Lloyd Evans Lloyd Evans

PMQs sketch: What a strange farewell

What a strange farewell. The slickest, sparkiest and most brutal street-fighter the Tory party has produced in a generation found himself agreeing with his worst enemies today. ‘That says something,’ shouted David Cameron (who remains prime minister for the next week or so). ‘We have huge disagreements,’ he explained. And yet despite the fault-lines his Remain campaign enjoys the support of nearly the entire opposition: the Greens, Labour, the Lib Dems, the Northern Ireland parties and Cameron’s bete noire, the SNP. ‘When we all agree,’ he finger-wagged, ‘that really says something.’ Absolutely. It says they’re all deluded.

Does poor Cam know he’s finished? At times he seemed to sense it. ‘I’ve been in this job for six years,’ he said wistfully as if drafting a sentence for his memoirs (in the shops by Christmas.) In reply to Kelly Tolhurst he made this bizarre reference to her defeat of Mark Reckless, the UKIP double-agent, back in 2015. ‘How grateful I am that she is representing Rochester and Strood.’ He paused. ‘Happy days,’ he twinkled, ‘happy days.’ He sounded like a death-bed grandad.

His usual grasp of detail eluded him today.
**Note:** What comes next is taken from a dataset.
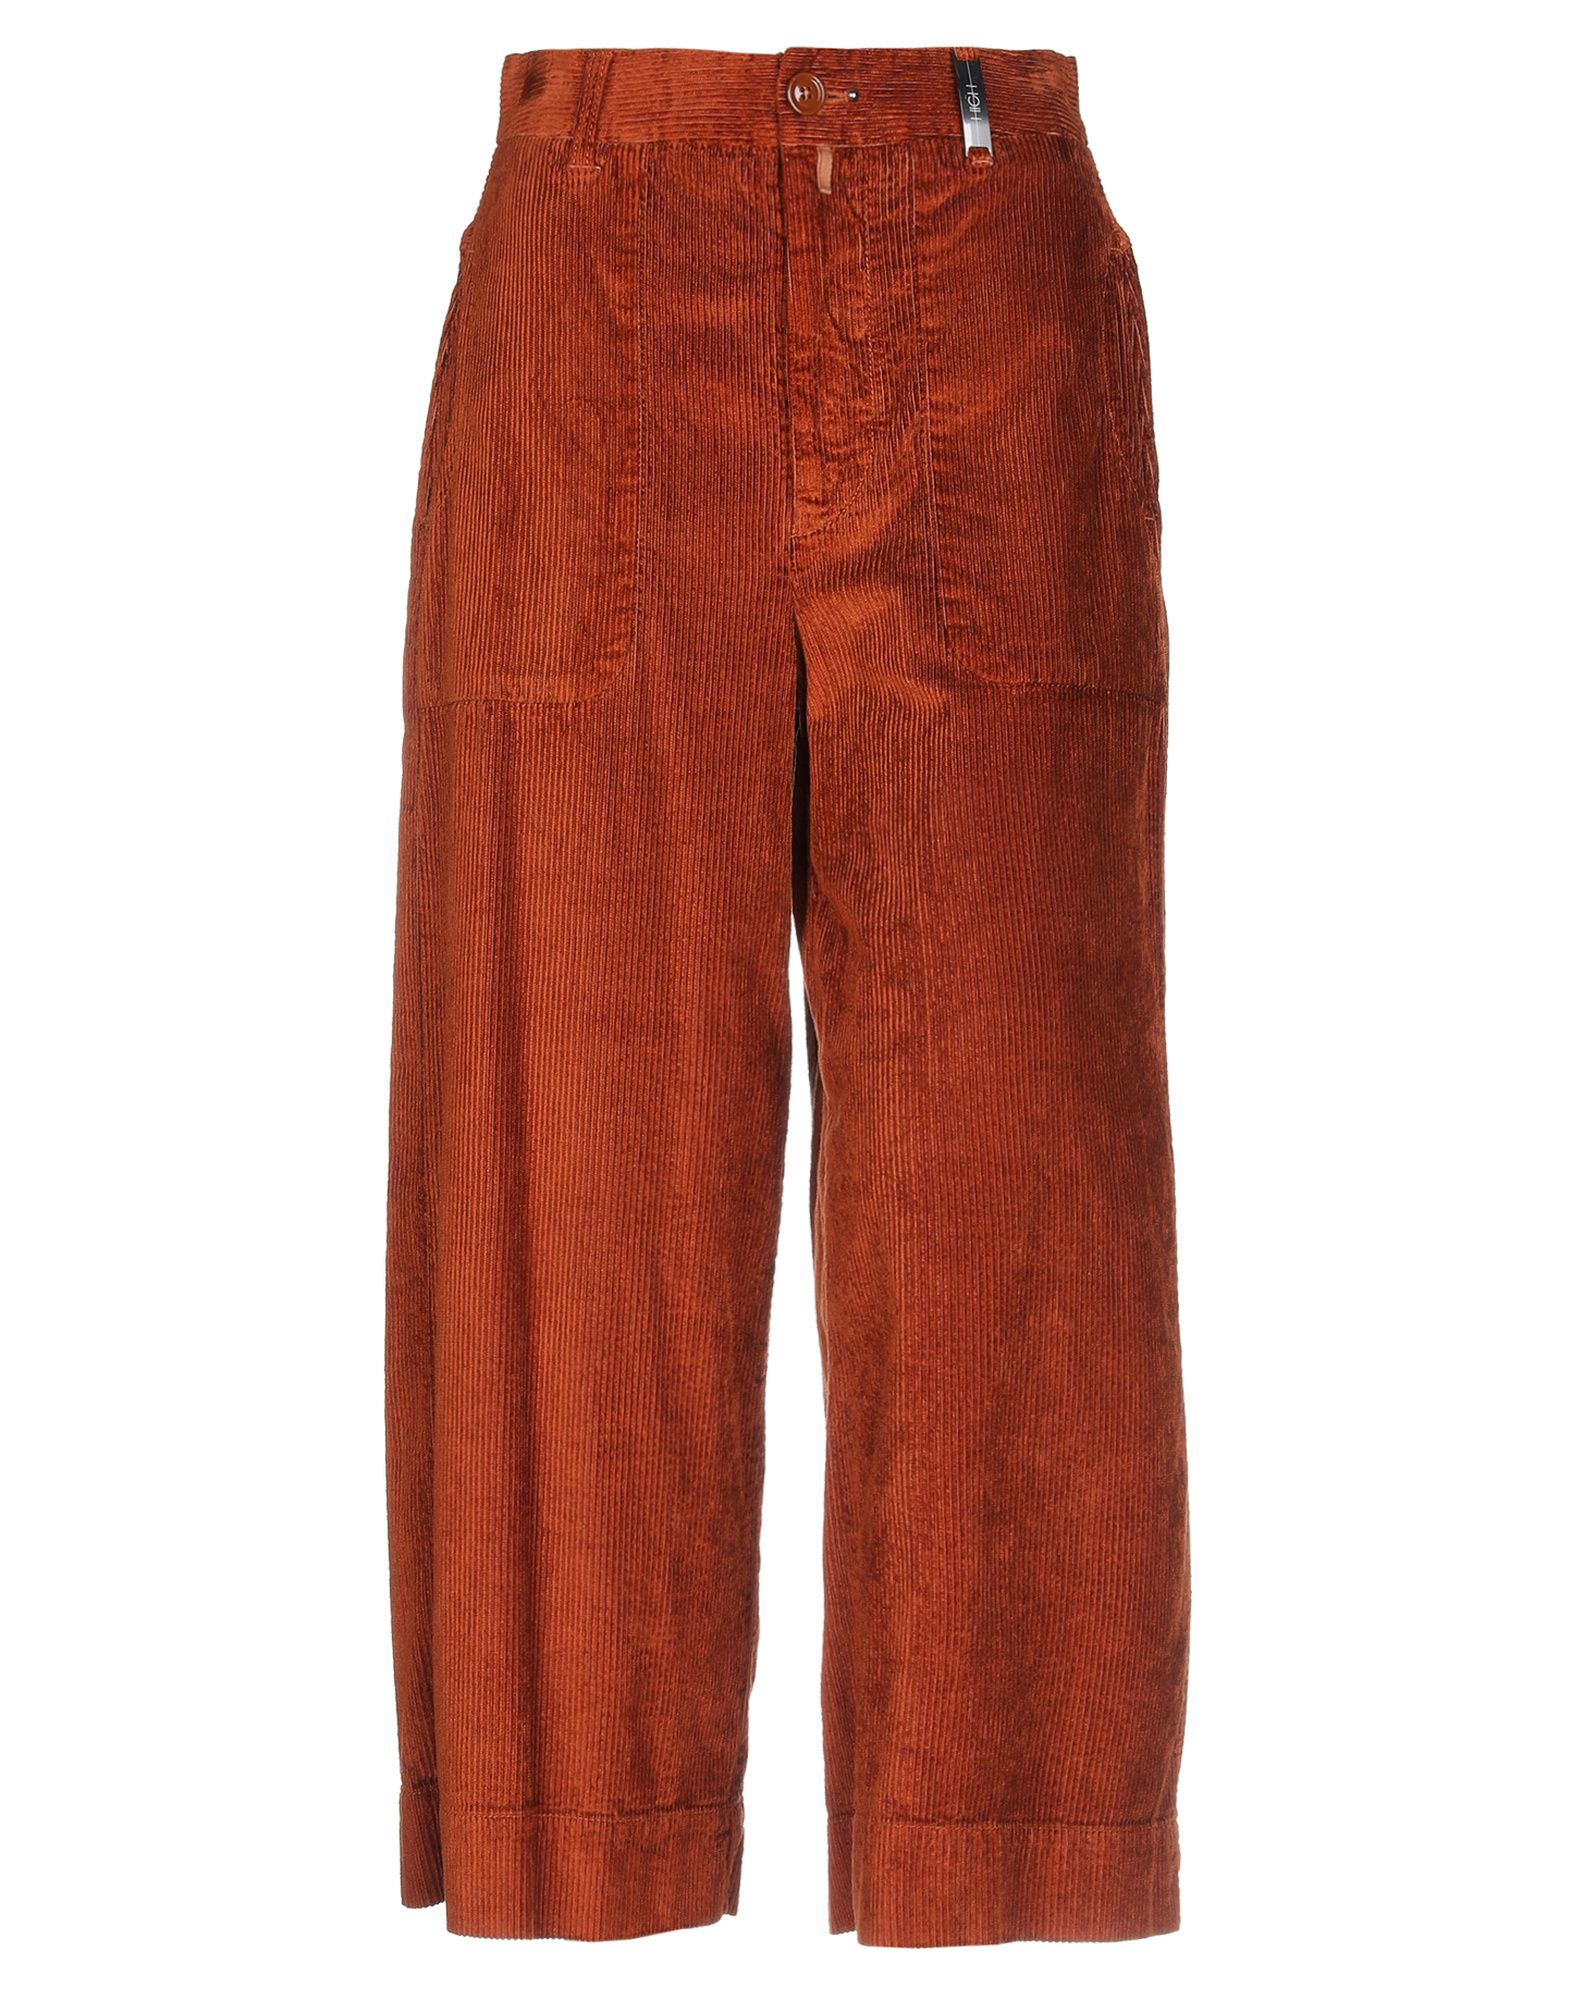 Shop High Woman Pants Rust Size 6 Rayon, Cotton, Elastane In Red

Asked about Derbyshire brewers he strayed into personal health advice. ‘Large quantities of real ale are the best way to get through this gruelling referendum’. Perhaps he’d been hitting the grog at elevenses. An Ulsterman thundered at him that Brexit might lead to a return of the ‘hard border’ at the Irish frontier. Cameron swayed unsteadily between two possibilities. ‘Either new border controls,’ he said vaguely, ‘or some sort of checks on people as they left Belfast to come to the rest of the United Kingdom.’ Is that a new ploy from Project Panic? A ring of steel around the Northern Ireland capital.

He tried vainly to re-detonate all his unexploded bombs. The economy wrecked. The NHS abolished. Taxes soaring. Employment plummeting. Old crocks expiring in shut-down care-homes. Europe’s terror chiefs cheerfully abandoning us to armed maniacs. And a huge black-hole in the public finances that measures anywhere between £20bn and £40bn depending which soapbox defeatist is on porkie-pie duty for the Euro-snouts.
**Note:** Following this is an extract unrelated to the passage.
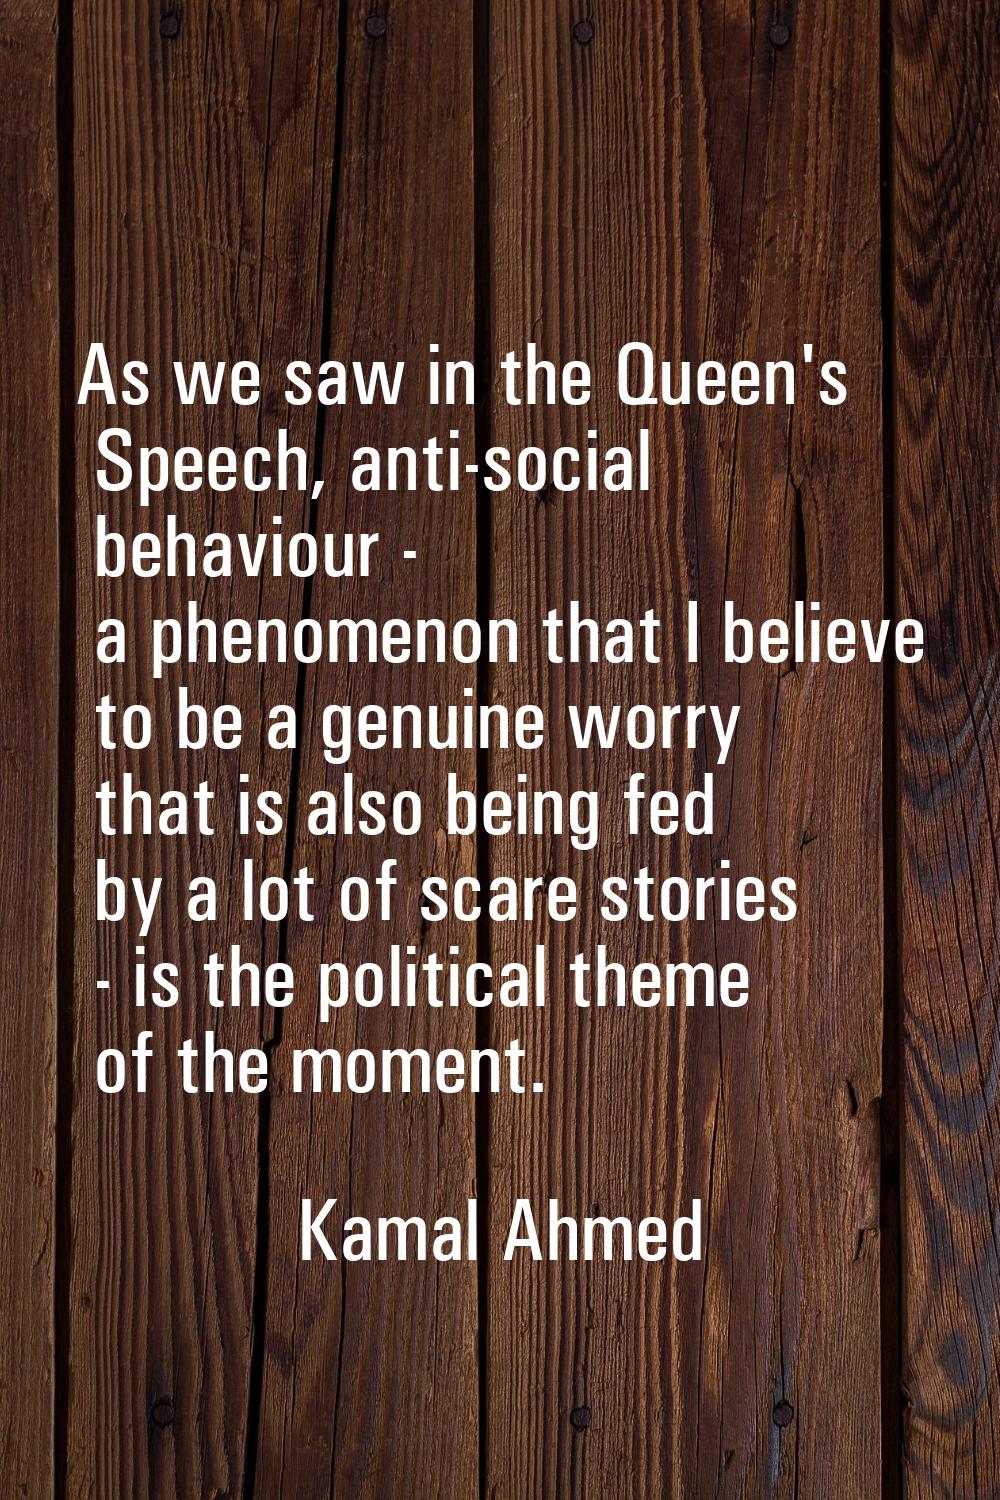 As we saw in the Queen's Speech, anti-social behaviour - a phenomenon that I believe to be a genuin

Sane voters must have been dumbfounded by today’s session — a prolonged and futile period of navel-gazing by a set of clueless oligarchs who are miles behind their electorate. MPs still haven’t swallowed what ‘referendum’ means. They’re behaving as if it’s a parliamentary decision that obliges them to offer us plebs evidence of their profound wisdom and superior judgement. But on June 23rd, they’re us and we’re them.
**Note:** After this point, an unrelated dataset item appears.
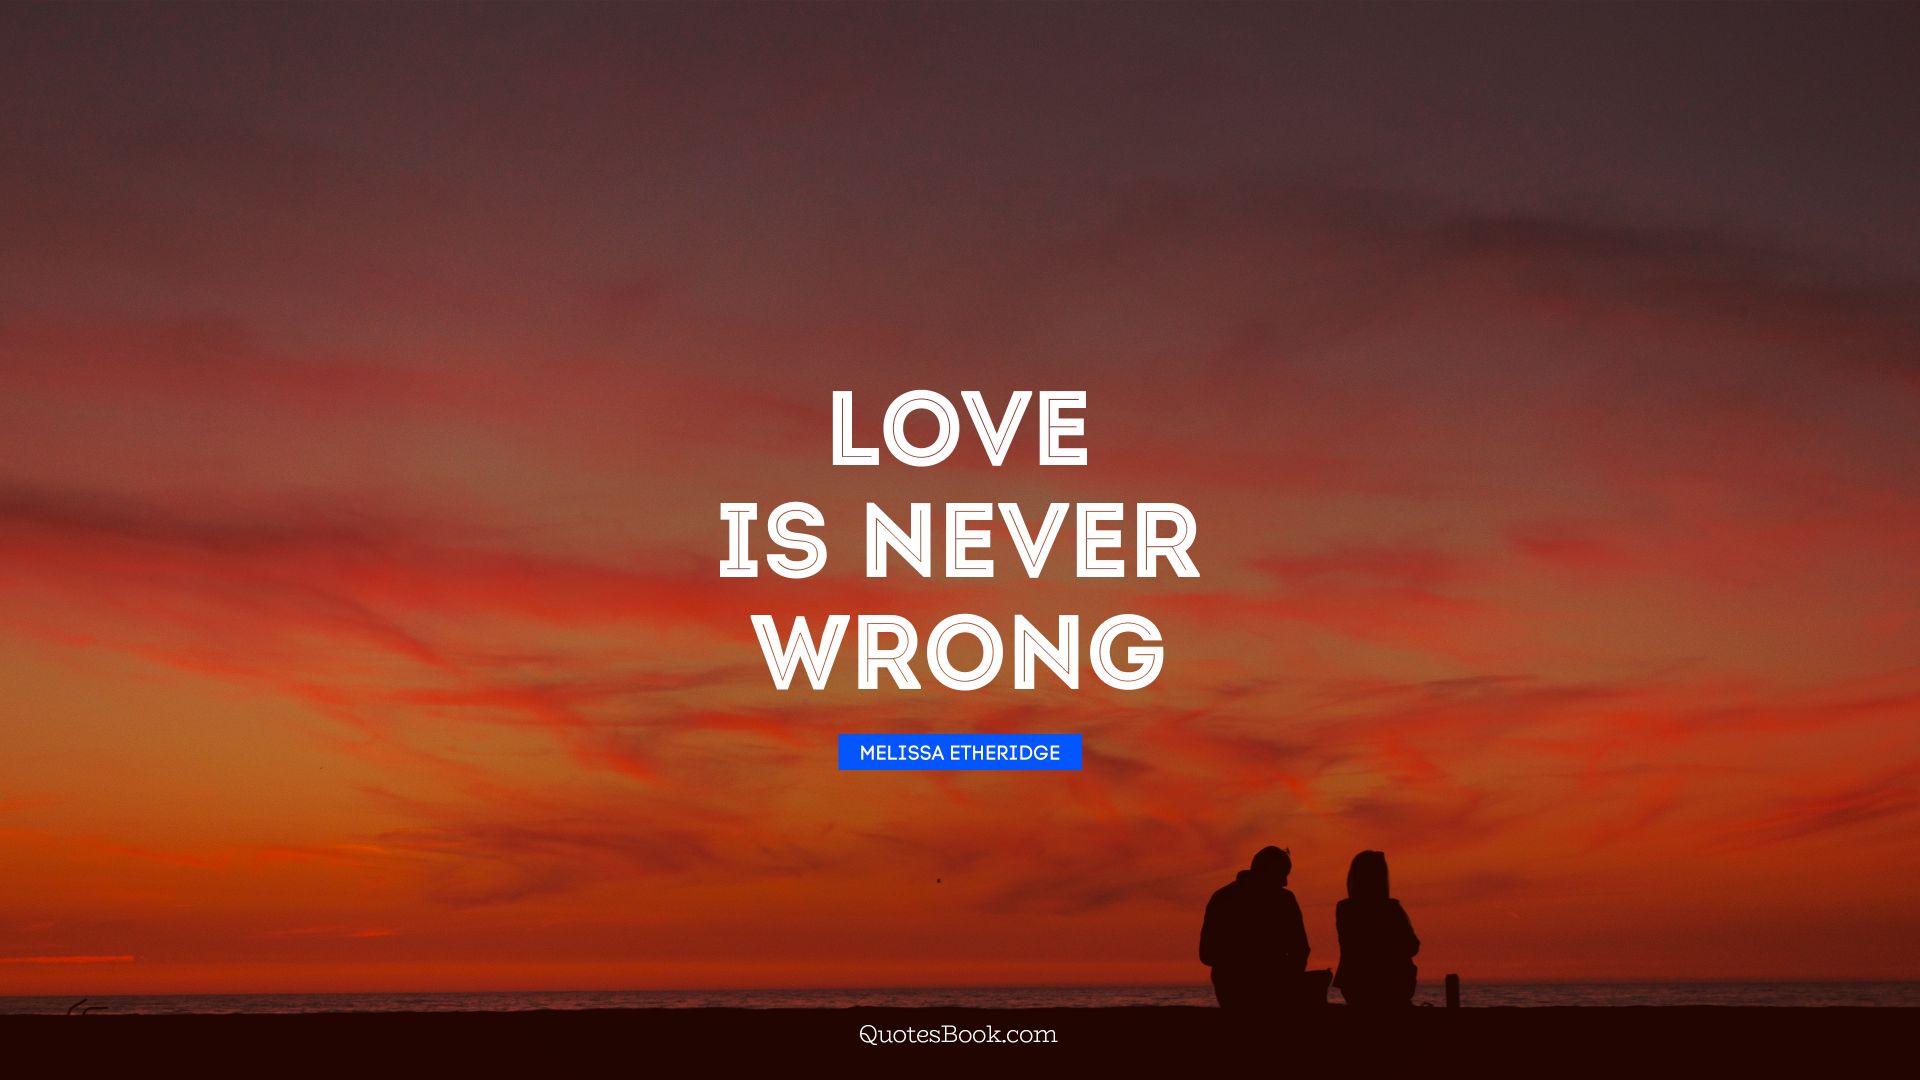 Love is never wrong. - Quote by Melissa Etheridge

Beside Cameron sat two of the Tories’ coolest cucumbers. Teresa May has flung herself into the campaign like a Trappist monk at a sign-language conference. She glanced towards her boss with chilly nervousness as he rattled through his Brexit bullet-points yet again. She managed an anxious half-grin and purred ‘hear hear’ in a bare whisper. Maybe she was just clearing her throat. On her left Philip Hammond, (aka the Human Talon), couldn’t even manage that faint syllable of assent. Is he having second thoughts? He gave a weak-tea smile and allowed his hooded lids to droop fractionally. Neither of these potentates seems ready to broach the two most feared phrases in the political lexicon. ‘Harper Collins’ and ‘autobiography’. They’re staying put.